§ WHAT YOU SHOULD DO: All of the listing should be output exactly, apart from the pictures.

§ RECORDED DATA:
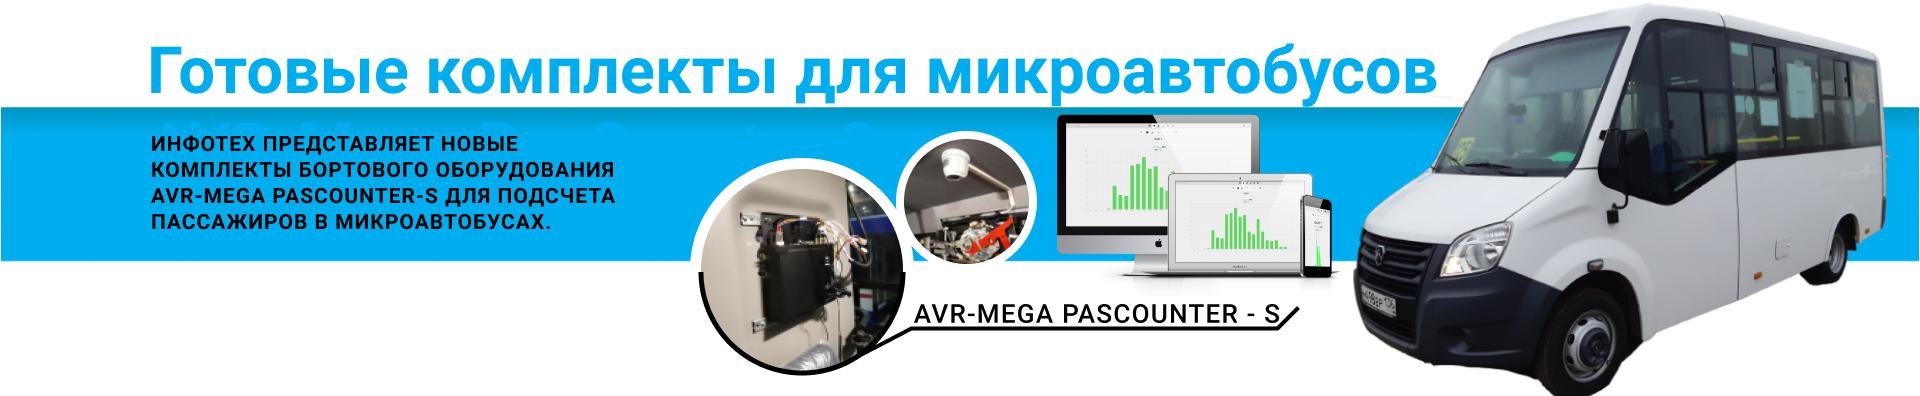 Готовое решение для автоматического подсчета пассажиров в микроавтобусах с любой высотой дверного проема
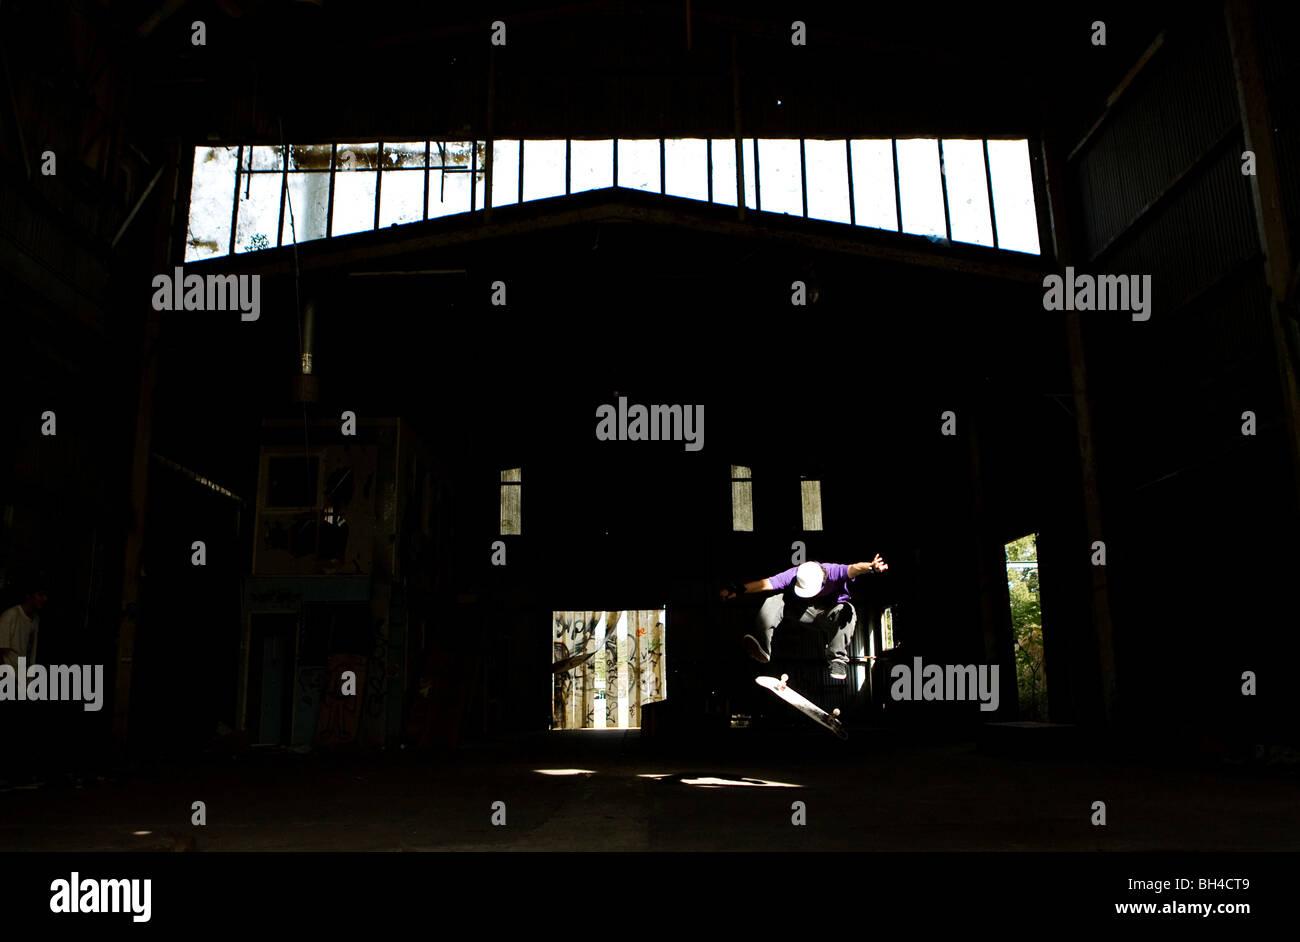 Un pattinatore esegue un kick flip in un magazzino abbandonato sulla costa centrale, Nuovo Galles del Sud, Australia. Immagini Stock
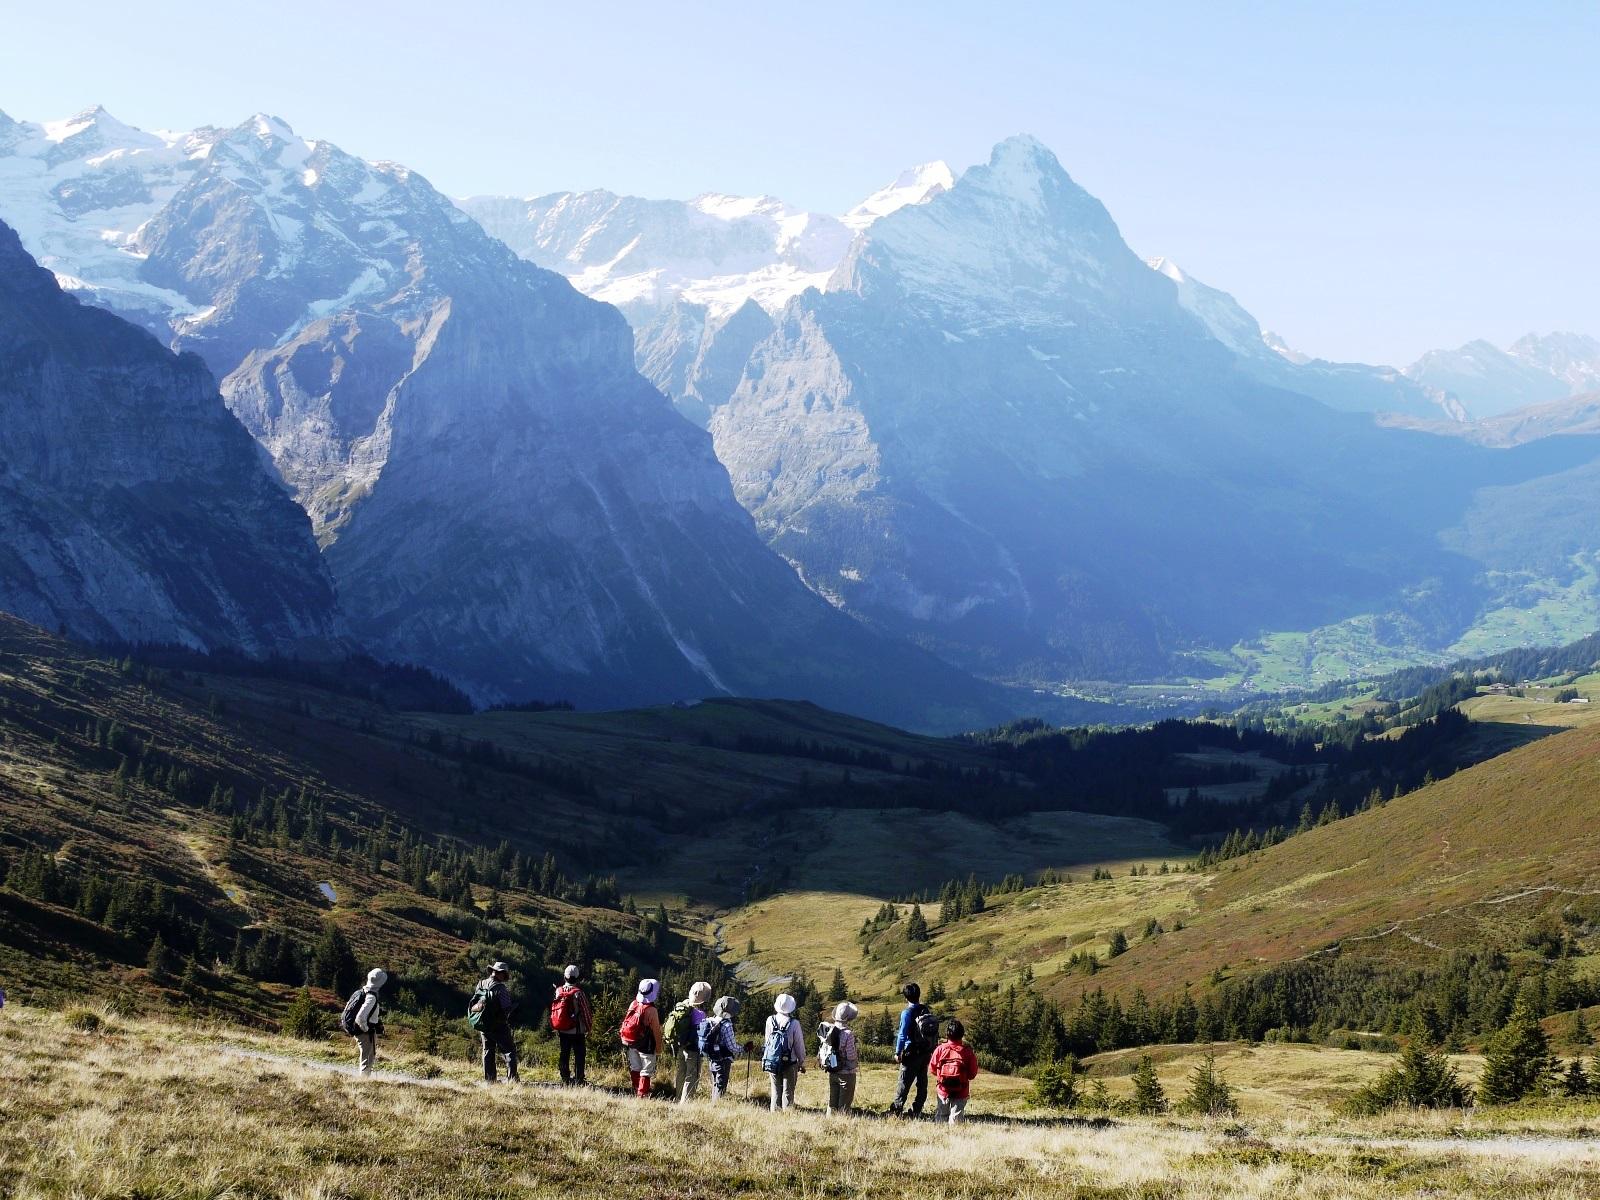 空気が澄む秋は山岳展望に最適な季節。アイガー(右)の巨大な北壁を望む(6日目)

§ YOUR RESPONSE:
 Готовое решение для автоматического подсчета пассажиров в микроавтобусах с любой высотой дверного проема
 Un pattinatore esegue un kick flip in un magazzino abbandonato sulla costa centrale, Nuovo Galles del Sud, Australia. Immagini Stock
 空気が澄む秋は山岳展望に最適な季節。アイガー(右)の巨大な北壁を望む(6日目)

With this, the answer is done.